If you buy the mini van, don't ever show up at a job with brand new work boots and tools that still have the harbor freight price tag on them. Just kidding.... but the point is about credibility. 

I know your work speaks for itself, but there will be plenty of potential clients that will never get a chance to see your work if they size you up as a newbie working out of mom's car,

Get the ranger


----------



## madmax718 (Dec 7, 2012)

If you work in more urban areas, a minivan is fine. Does it make a difference in appearance? Kinda. Sorta. Not really. 

Minivan is also very discreet. black out the rear windows and the side windows, and your pretty incognito.


----------



## cedarboarder (Mar 30, 2015)

still havnt gotten a new truck. 
both the mini van and ranger are to small for me. 
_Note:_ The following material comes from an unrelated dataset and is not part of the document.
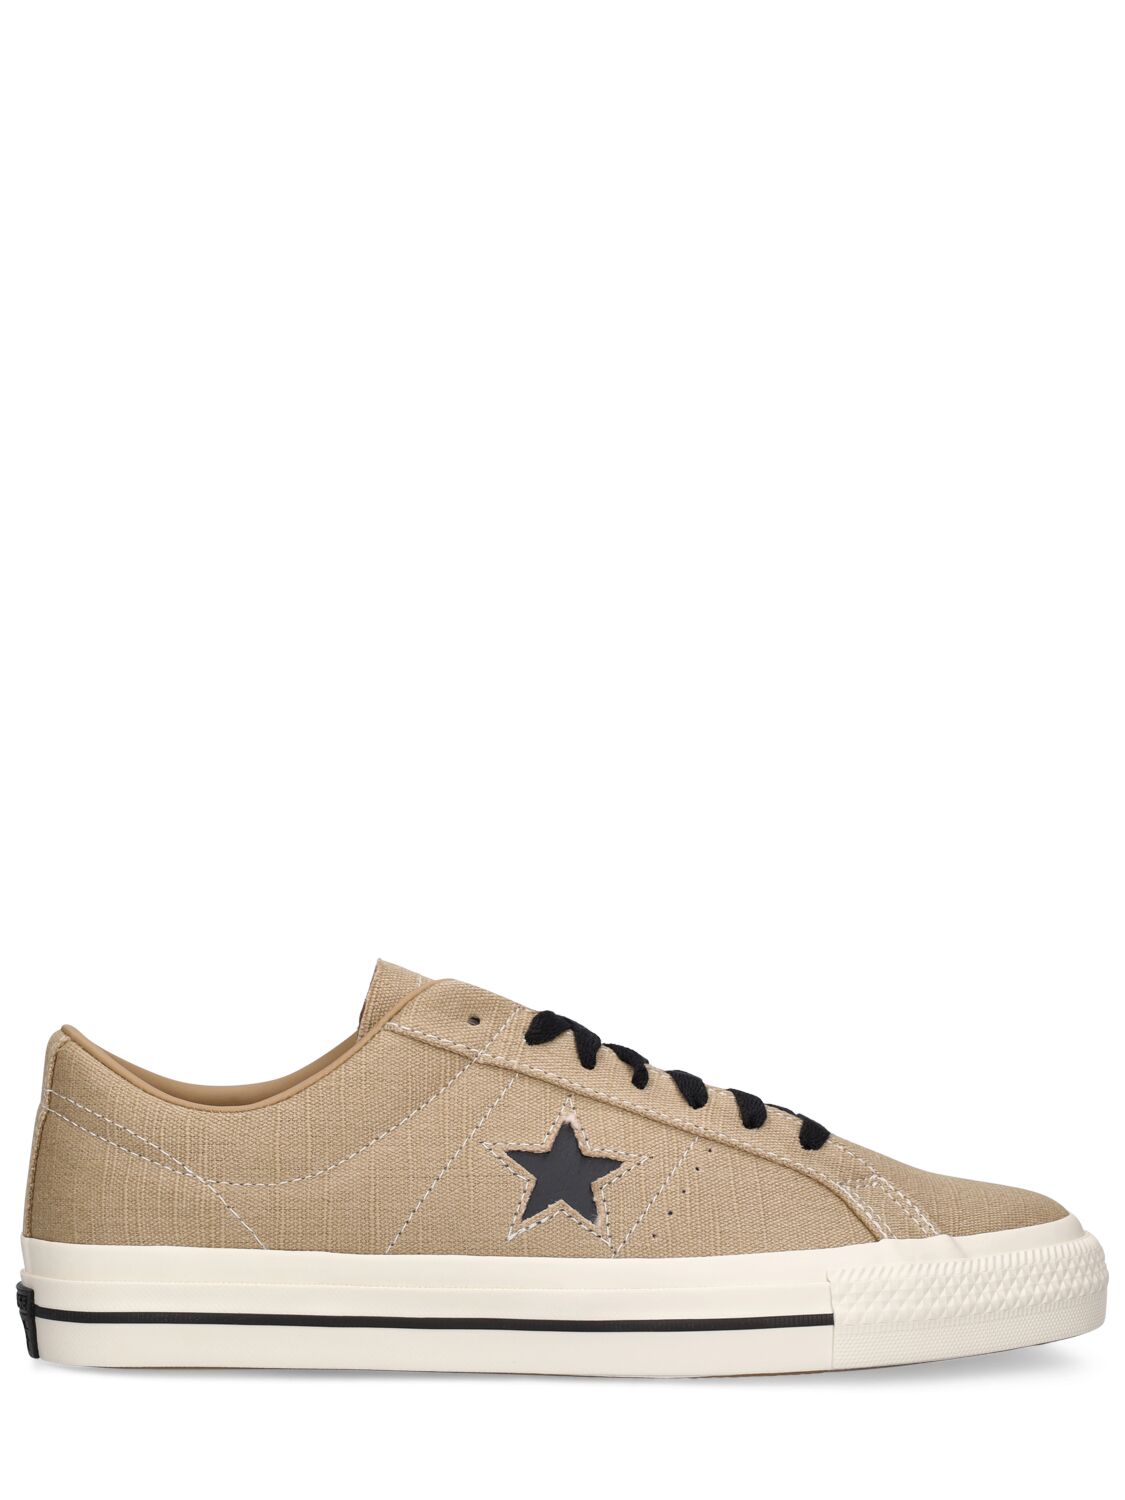 Image of Cons Vulc Pro Sneakers

Now the debate on a old guzzling 90-95 F-150 or a new truckish truck that decent on gas.
old F150 
pros 1. more reliable than a new truck, (just a theory I have that new truck are made to break so dealers get more money) 2. easy to work on not much computers and wires in the old girls 3. cheaper initial investment. 4. dont have to worry about dents.
cons. 1. gas guzzler

new truck.
pros, 1. better on gas 2. looks better
cons 1. payments 2. have to worry about denting damaging it. 3. cant work on it have to visit mechanics to plug in to a computer.
Do any of you miss your old F150s?


----------



## m1911 (Feb 24, 2009)

let the guy on youtube do a teardown on it and tell you if it's any good :laughing:


----------



## aptpupil (Jun 12, 2010)

Safety is another pro on a new truck. Buy a used, newer model.


----------



## Defenestrate (Aug 13, 2015)

I miss my chevy astro when I'm crawling on my hands and knees under the topper of my '14 tacoma. 

Furniture repair dude rolled up in a NV2500 to my jobsite today and made me more jealous. 

So, if I had the bucks, I'd be in a van that could carry 1000# day in, day out.


----------